Isaiah chapter fifty-five presents us with a vision of a world redeemed. God calls everyone to come and drink from the waters. Come, drink water not drawn out of a well by human sweat and toil but, instead, flows freely, with room enough for everyone at its banks.
But we need food as well. So God calls, but this time to those with nothing. Come, you who have no money. Come, buy grain, and eat.
How can those who are not simply poor but penniless buy anything? Buying involves money or, at least, something of value that can be offered in exchange. How can this be?
There’s no mistake in the translation. The word used is the same one used when Joseph is managing the storehouses in Egypt during the famine. People from everywhere, including his brothers, came to buy grain. This is not a gift like the waters flowing through the world. No, the penniless, in this vision, are buying bread.
But, how? They have no money. They have nothing of value.
Perhaps those who have much, under the Reign of God, will empty their pockets, spread their wealth far and wide to provide the poor some value. But that is not what it says. God is not calling those who now have money. No, the One is calling those with no money.

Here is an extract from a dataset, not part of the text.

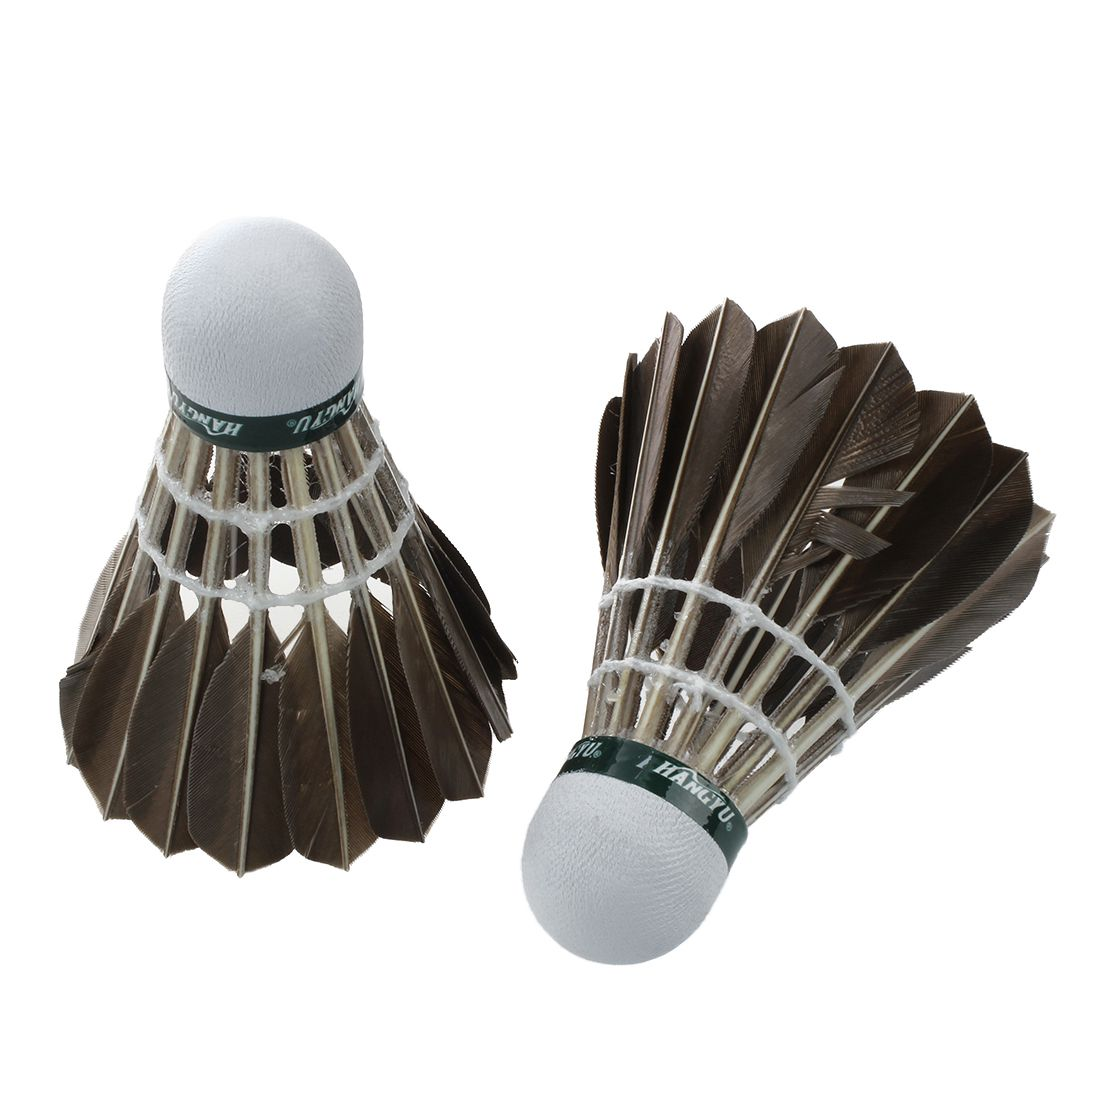 12pcs Training Goose Feather Shuttlecocks Badminton Balls Game Sport
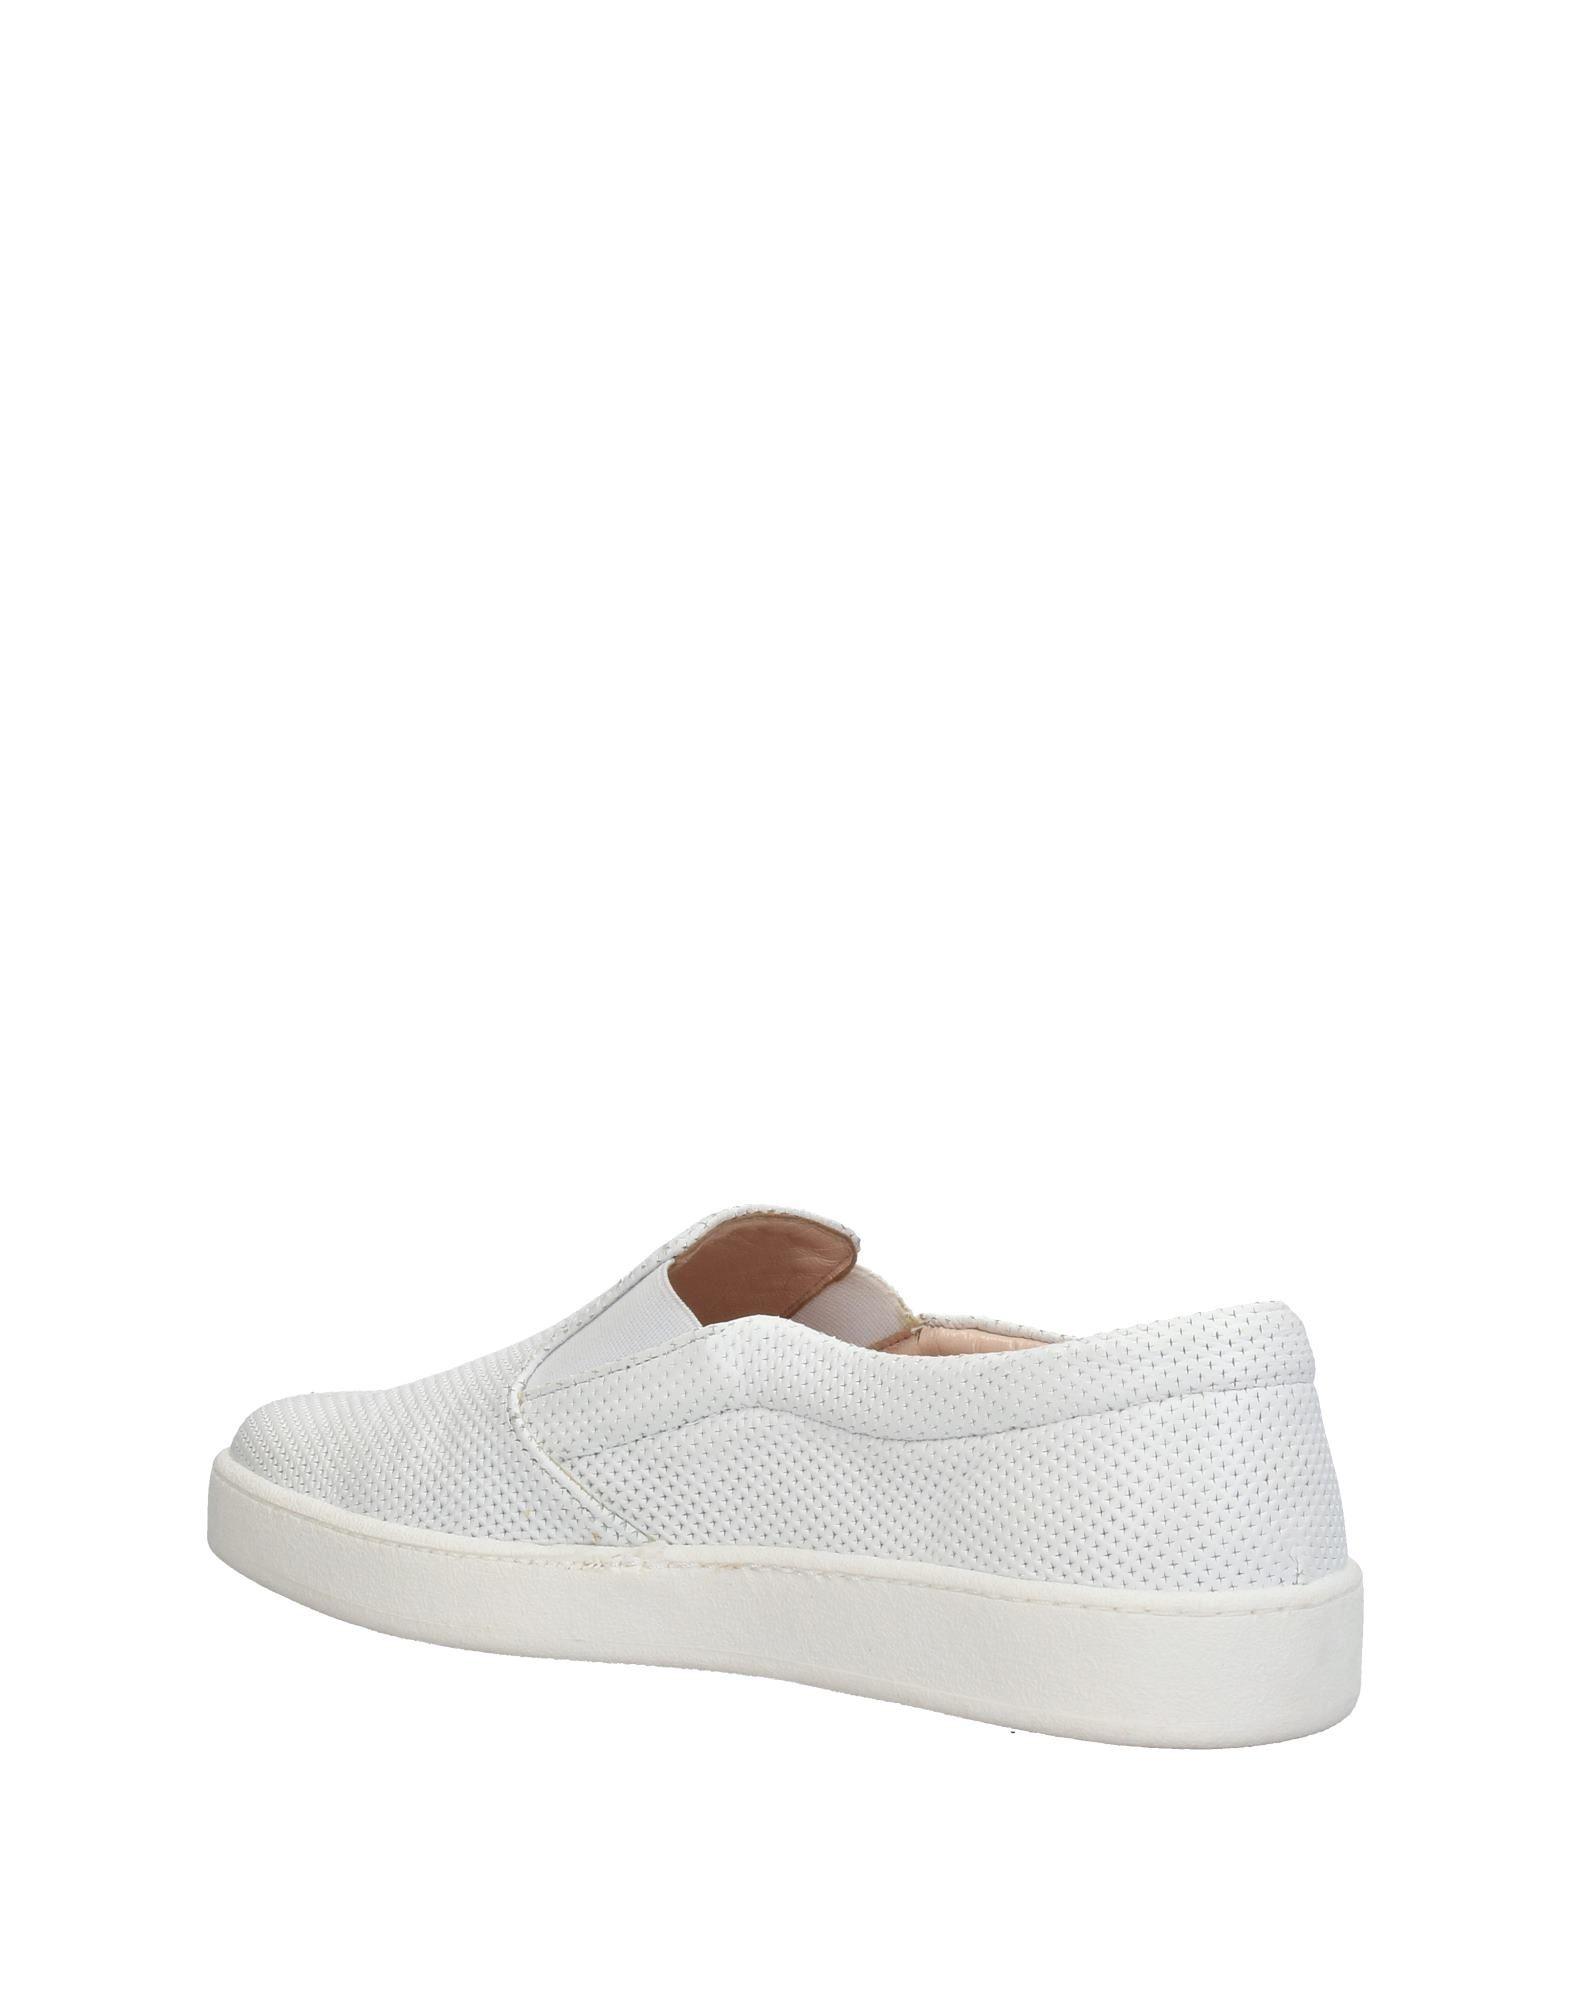 Carlo Pazolini Sneakers Damen   11407955LD   6467c7

This can only be some kind of miracle. All things, we are told, are possible for God. And so it must be. Because, in this world, still waiting for its fulfillment, groaning for Christ’s appearance, those without money cannot buy anything.
Again, buying implies having something of value that can be given in exchange. Money defines the value you have, right? Those with a lot of it have lots of value. Some had value but have lost it, either through mismanagement or circumstance. Some have never had it. And these must work in order to earn their value so that they might buy and eat.
This is, of course, why we must be careful about what we give to those who aren’t working, isn’t it? We can give them money, but that doesn’t really increase their value. Yes, they now have something with which to purchase grain, but what they have is devalued. They never earned it. And it robs us, we who have value, of our value. What does our value mean if it doesn’t have to be earned?
Unless this value that buys grain for food isn’t something we earn? Then where does the value come from?
Jesus said, not one sparrow, worth less than a penny, falls to the ground unnoticed by their Creator. You are of much greater value, he said, than the sparrows.
We did nothing for it. We’ve, likely, done much to devalue ourselves, but we have value. It is the value that comes with being part of Creation, being someone who Christ loves and knows by name. It’s a value even the penniless carry with them.
And it is more than enough with which to buy bread.